Examples are provided for:

- **Python** - `examples/python/`
- **Node.js** - `examples/nodejs/`
- **TypeScript** - `examples/typescript/`
- **Go** - `examples/go/`
- **Java** - `examples/java/`
- **C#** - `examples/csharp/`
- **PHP** - `examples/php/`
- **Ruby** - `examples/ruby/`
- **Rust** - `examples/rust/`
- **Kotlin** - `examples/kotlin/`
- **cURL** - `examples/curl/`

## Error Handling

The API returns errors in the response body.
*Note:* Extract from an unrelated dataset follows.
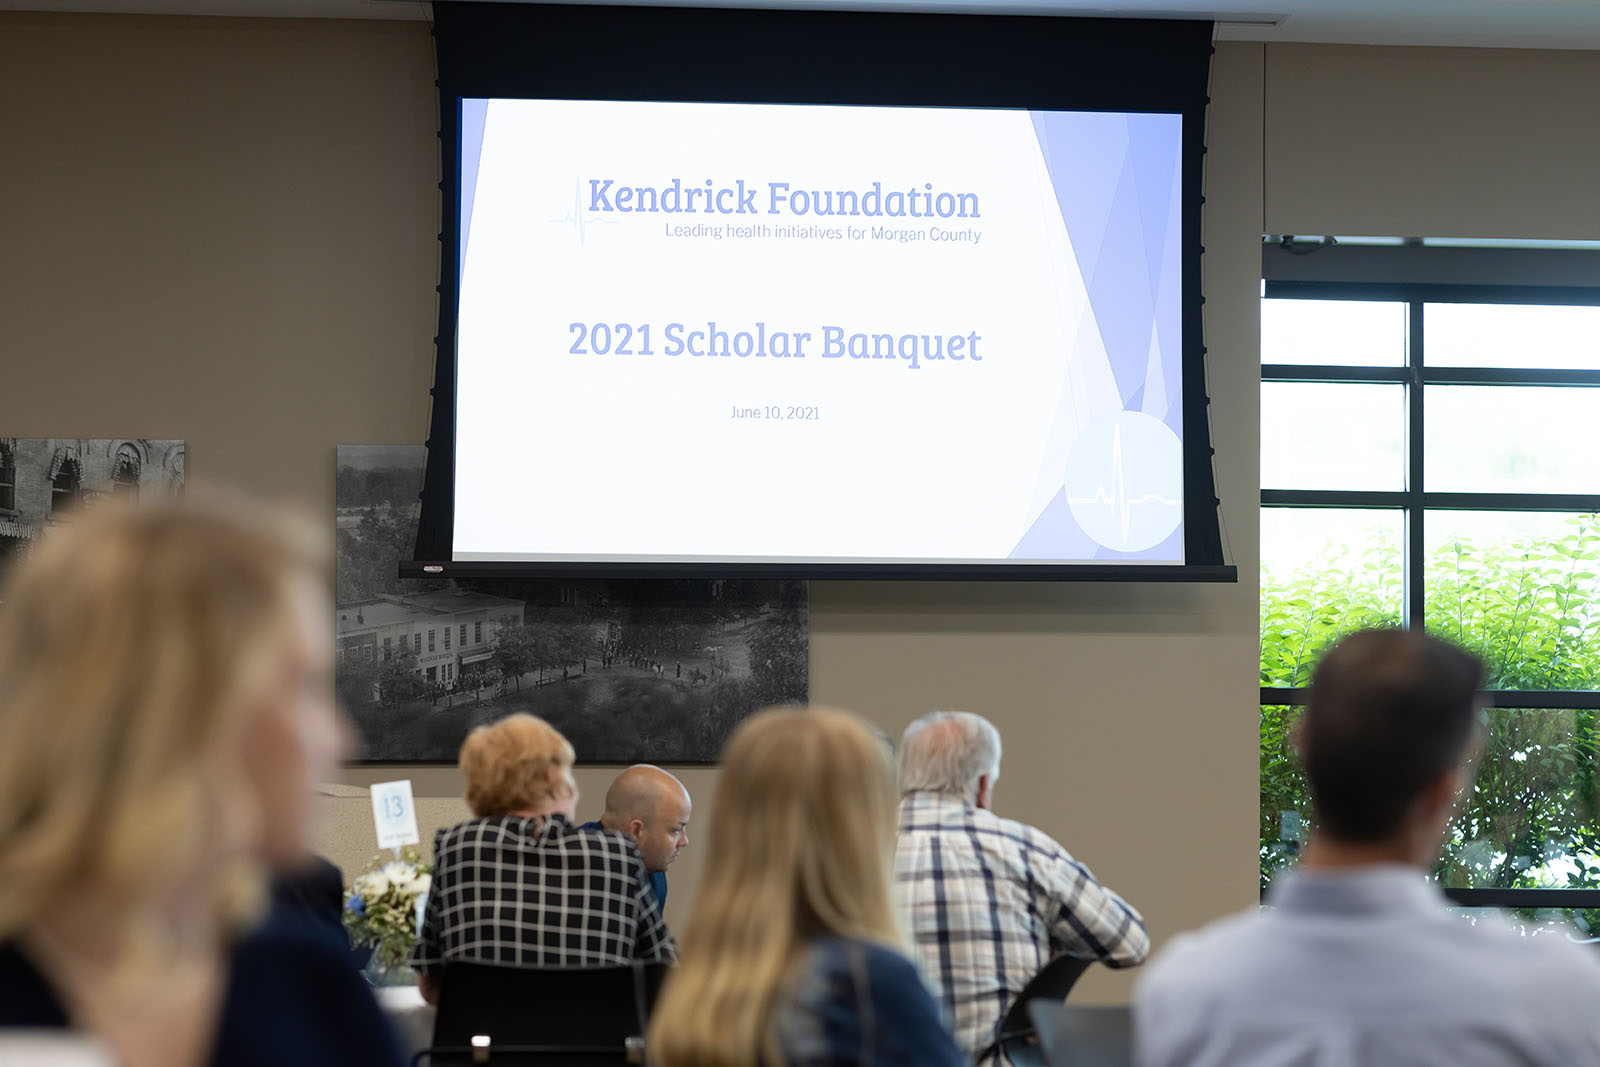 Scholar banquet slide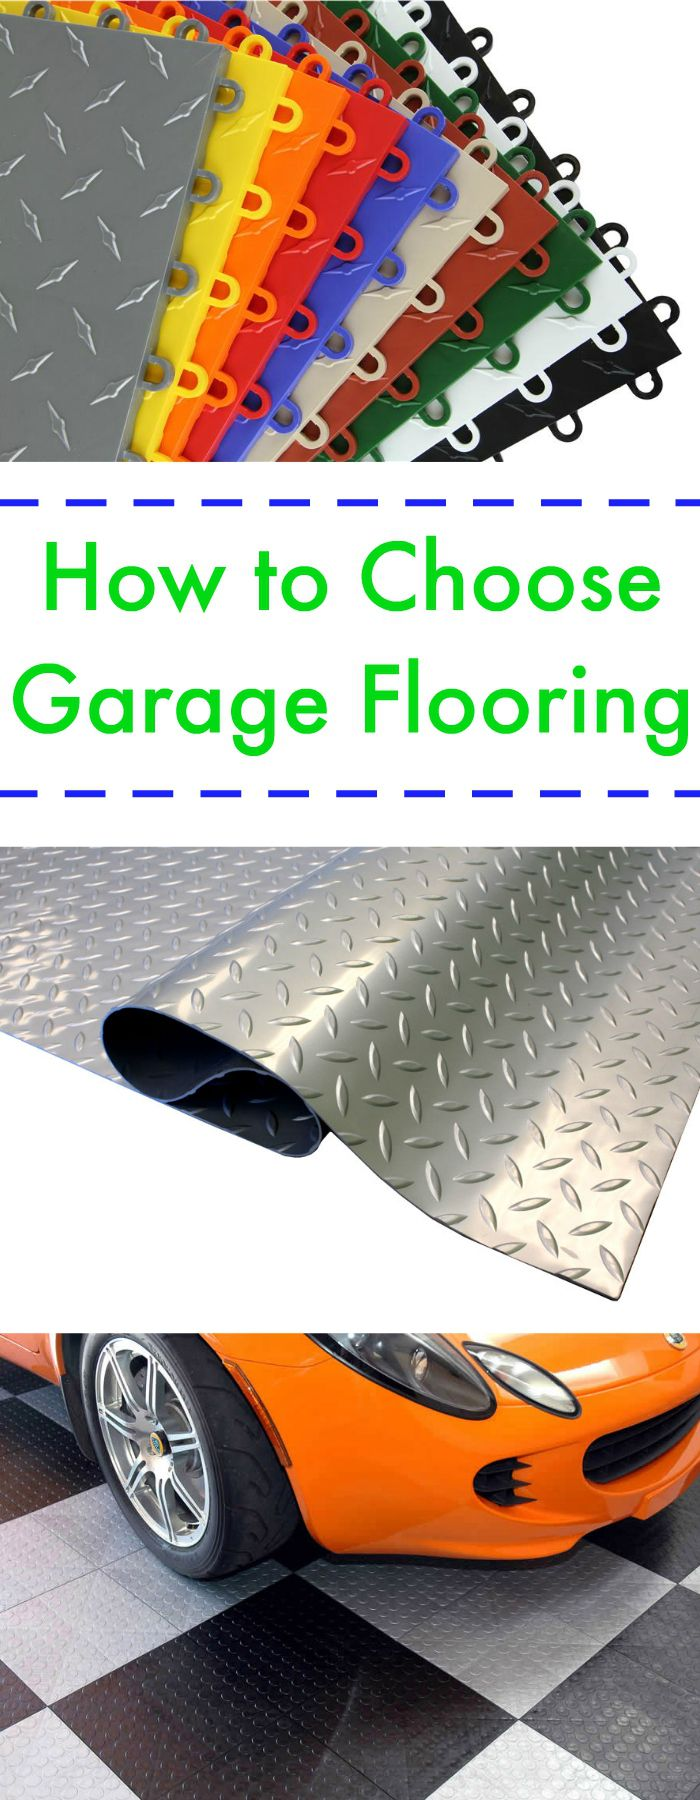 best 25 garage flooring ideas on pinterest painted garage floors garage floor paint and. Black Bedroom Furniture Sets. Home Design Ideas

Check the `data` field:

```python
result = scrappey.get(url="https://example.com")

if result["data"] == "success":
    html = result["solution"]["response"]
else:
    error = result.get("error", "Unknown error")
    print(f"Request failed: {error}")
```

Client-side errors raise exceptions:

```python
from scrappey import (
    ScrappeyError,
    ScrappeyConnectionError,
    ScrappeyTimeoutError,
    ScrappeyAuthenticationError,
)

try:
    result = scrappey.get(url="https://example.com")
except ScrappeyConnectionError:
    print("Could not connect to API")
except ScrappeyTimeoutError:
    print("Request timed out")
except ScrappeyAuthenticationError:
    print("Invalid API key")
except ScrappeyError as e:
    print(f"API error: {e}")
```

## Links

- **Website**: https://scrappey.com
- **Documentation**: https://wiki.scrappey.com/getting-started
- **Request Builder**: https://app.scrappey.com/#/builder
- **API Reference**: https://wiki.scrappey.com/api-reference
- **GitHub**: https://github.com/pim97/scrappey-wrapper-python

## License

MIT License - see [LICENSE](LICENSE) for details.

## Disclaimer

Please ensure that your web scraping activities comply with the website's terms of service and legal regulations. Scrappey is not responsible for any misuse or unethical use of the library. Use responsibly and respect website policies.